Open your favorite editor and create a CLAUDE.md file in your repository's root directory. Start with a header and your most impactful rules — the ones where AI output most frequently diverges from your team's conventions.
Here's a practical starting structure: begin with a section on code style (5-8 rules), add a section on your tech stack (framework, ORM, testing), and finish with any hard constraints (security rules, things to never do). Keep each rule to one line and make it specific enough to be immediately actionable.
Commit it to git and iterate. After a few coding sessions with Claude Code, you'll notice patterns — places where the AI still gets things wrong. Add rules to address those gaps. The best CLAUDE.md files are living documents that evolve with your project.
- 1Create a file called CLAUDE.md in your repository root
- 2Add 5-8 code style rules that reflect your team's conventions
- 3Add a section describing your tech stack and architecture
- 4Add any hard security or compliance constraints
- 5Commit to git and start coding with Claude Code
- 6Review AI output quality and iterate on your rules weekly
Start your CLAUDE.md with the most impactful rules first — AI models weight early instructions more heavily than those buried at the end of the file.

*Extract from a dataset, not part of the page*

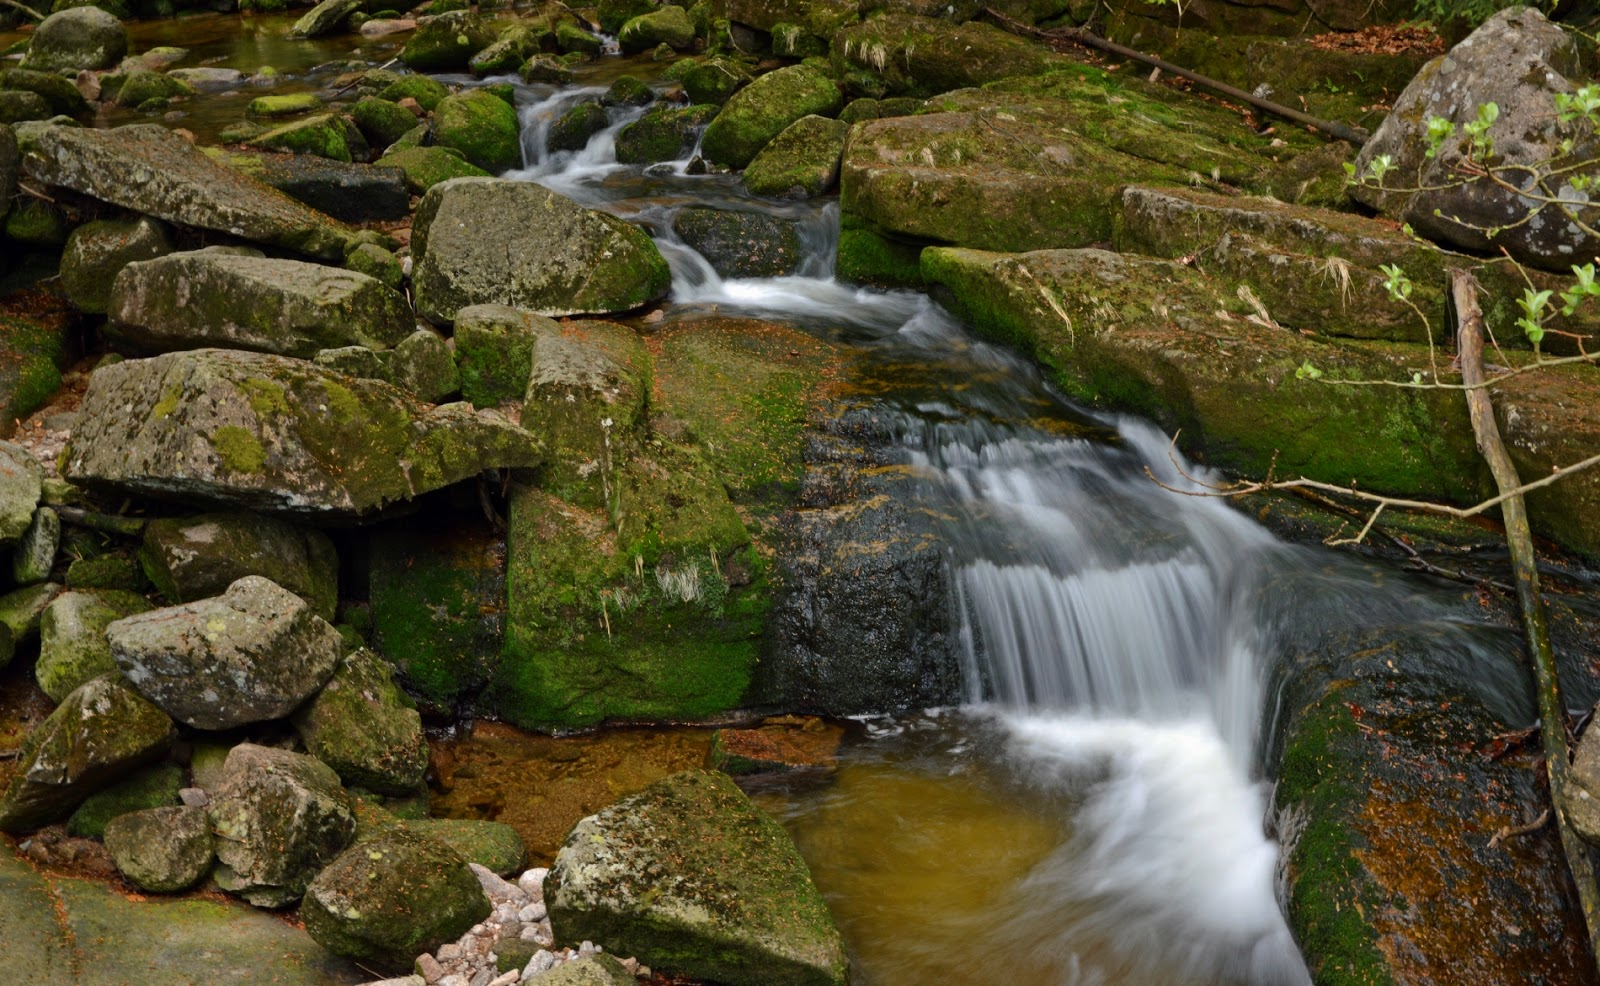 Potok Kamieńczyk Karkonosze

Managing CLAUDE.md Across Multiple Repos
The CLAUDE.md approach works beautifully for a single repo. But what happens when you have 5, 10, or 50 repositories? Copy-pasting the same rules across repos works for about a week — then someone updates the rules in one repo and forgets the others. Within a month, your 'standards' have drifted into 10 different versions.
This is the multi-repo rule management problem, and it's why tools like RuleSync exist. The idea is simple: define your rules once in a central dashboard, then sync them to every repo with a CLI command. When you update a rule, every repo gets the change on the next sync.

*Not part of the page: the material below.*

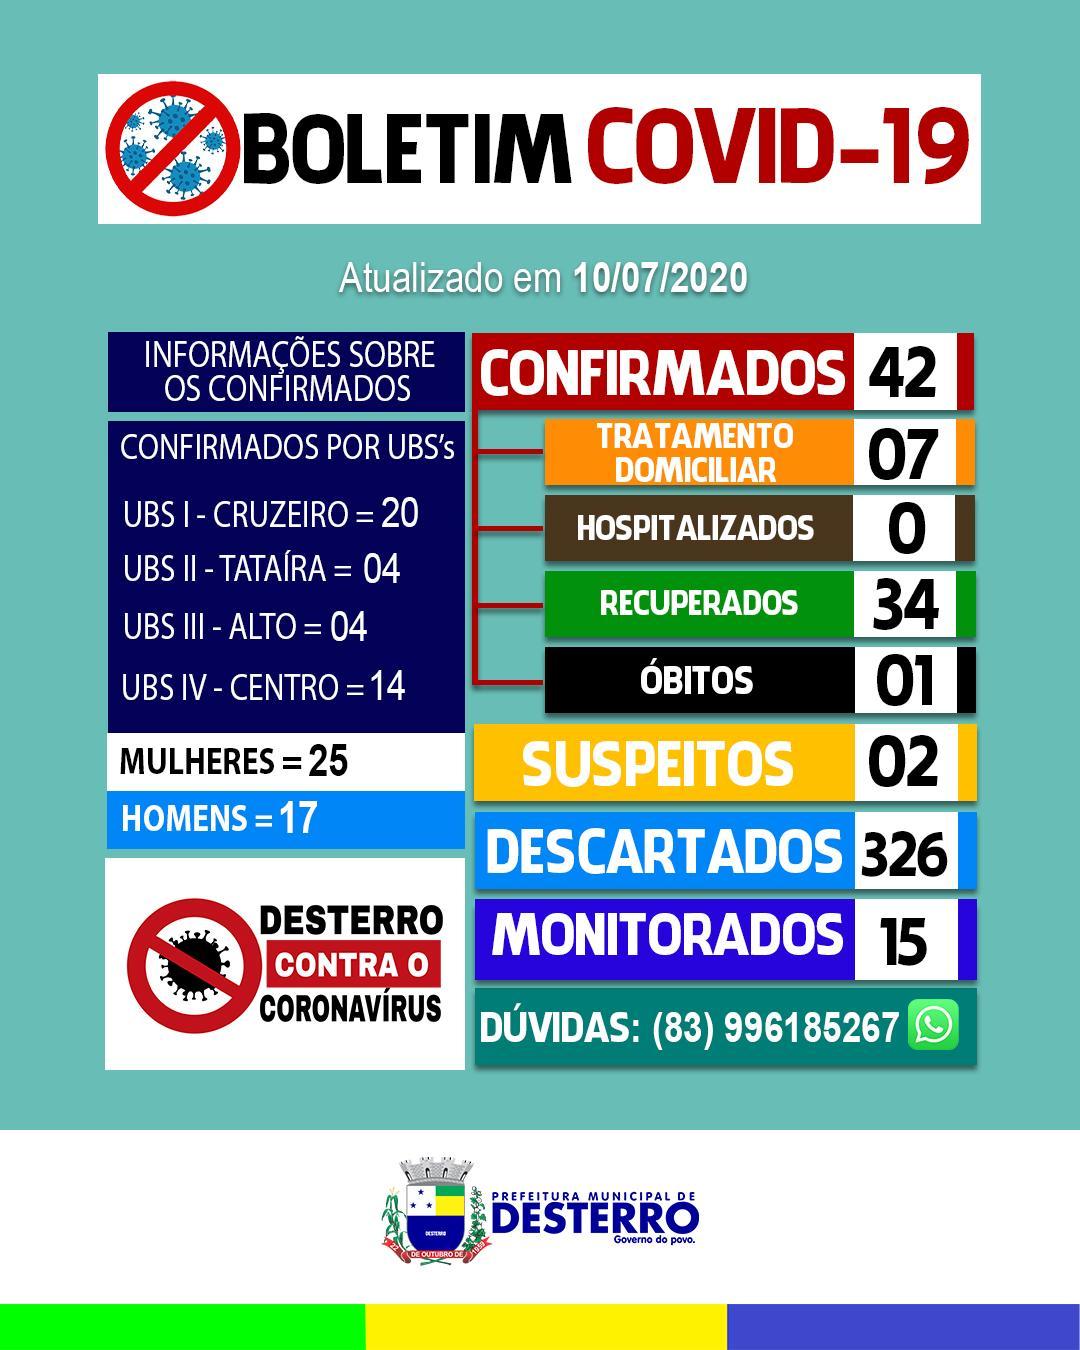 Boletim Covid-19 (10/07/2020)

RuleSync takes this further with composable rulesets — you can stack a company-wide base ruleset with framework-specific rules and team-level overrides. Each repo gets exactly the rules it needs, in the right order, from a single source of truth.
Common Mistakes to Avoid
The most common mistake is being too vague. Rules like 'write clean, maintainable code' give the AI nothing to work with. Instead, specify exactly what clean means in your project: 'Functions should be under 30 lines. Extract complex conditionals into named variables. Use early returns instead of nested if-else chains.'
The second mistake is making the file too long. AI models have attention limits — a 500-line CLAUDE.md means the model may lose focus on your most important rules buried in the middle. Keep your CLAUDE.md under 200 lines. If you need more, use subdirectory-specific files for framework or module-specific rules.
Finally, don't set and forget. Your CLAUDE.md should evolve as your project and team evolve. Review it monthly, update it when you adopt new tools or patterns, and treat it like any other piece of living documentation in your repository.

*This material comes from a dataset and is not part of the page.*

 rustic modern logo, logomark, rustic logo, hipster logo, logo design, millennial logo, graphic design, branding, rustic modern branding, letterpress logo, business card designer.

- Too vague: 'Write good code' → AI ignores it. Be specific and actionable.
- Too long: 500+ lines → AI loses focus. Keep under 200 lines.
- Set and forget: Rules go stale. Review and update monthly.
- No examples: Telling the AI what NOT to do without showing what TO do.
A 500-line CLAUDE.md is worse than a 50-line one. AI models have attention limits — keep your rules focused, specific, and under 200 lines for best results.